Vertebral fractures (VF) are recognised as the most frequent complication of osteoporosis. Our objective was to determine the clinico-epidemiological characteristics and health-care burden of hospitalised VF in Spain.
From the 2002 National Hospital Discharge Register, records for all osteoporosis-related VF in the Spanish population aged ≥30 years and over were retrieved. Diagnostic categories included the ICD-9-CM codes 805 and 733.xx. Population data were drawn from the National Statistics Institute.
In total, 7,100 records were eligible for analysis. According to Deyo-adapted Charlson index, 62% of cases had no associated comorbidity. VF were the cause of hospitalisation in 52% of cases. Overall in-hospital mortality was 3.5%. Men had higher adjusted mortality than women.
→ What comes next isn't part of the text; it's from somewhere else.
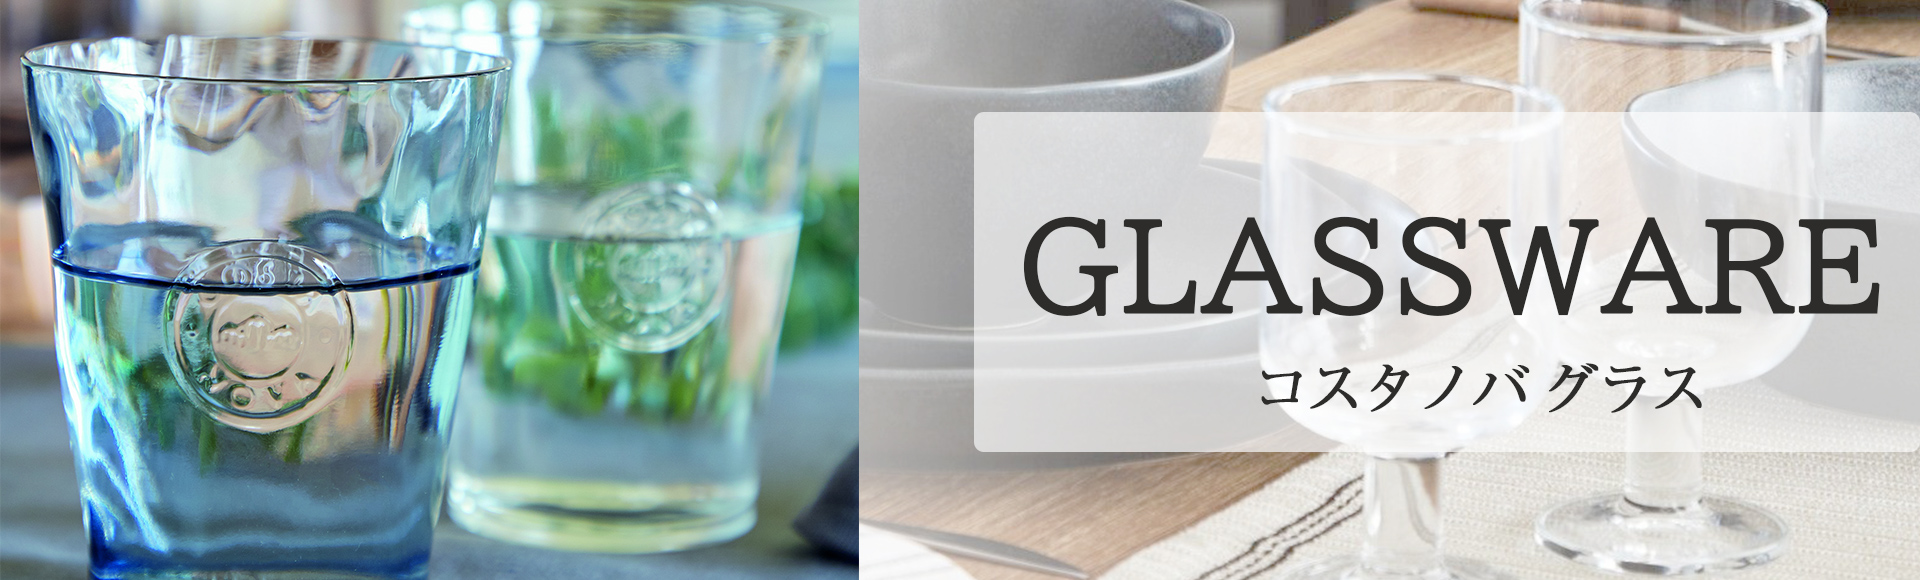 コスタノバのグラスウェアは、さりげないデザインでどんな食器にも合わせやすい使いやすさが魅力。厚めのグラスは、人の手で作られたような温かみのある、優しい風合いです。
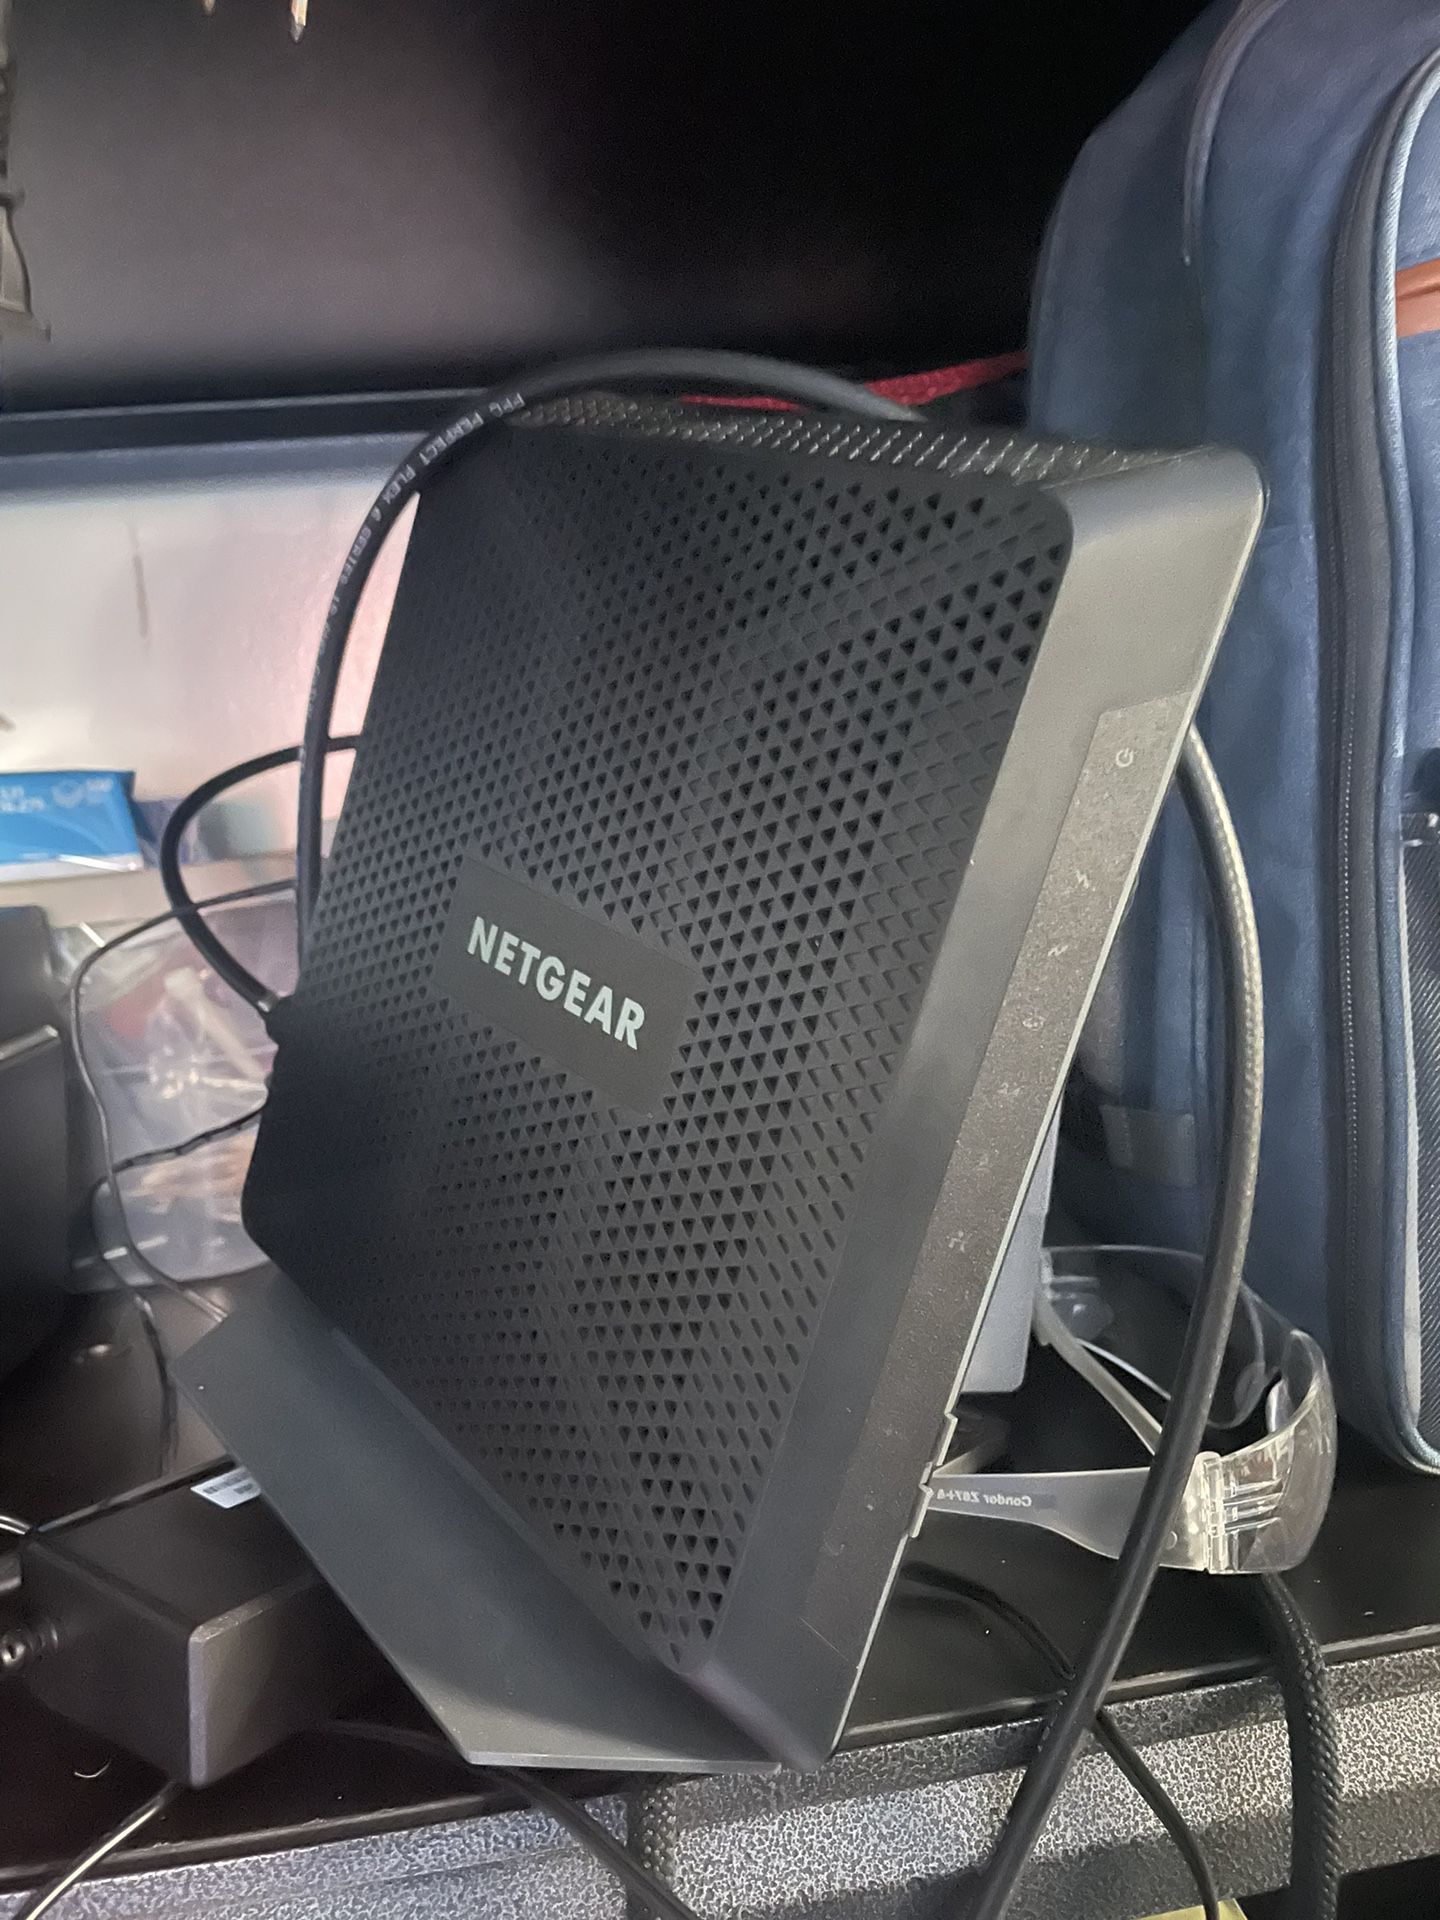 Netgear wifi router c7000v2

Mean hospital stay was 11.4±0.2 days. Identified cases amounted to a hospitalisation rate of 2.76 cases per 10,000 population aged ≥30 years. Direct inpatient hospital costs exceeded €41million and accounted for 0.078% of Spanish expenditure on hospitalisations and specialised care in 2002.
The national discharge database reveals epidemiological features of hospitalised osteoporosis-attributable VF and indicates an association with a substantial hospital burden in Spain. Our data provide a basis for assessing the impact of these fractures on the Spanish health-care system and to estimate future care requirements.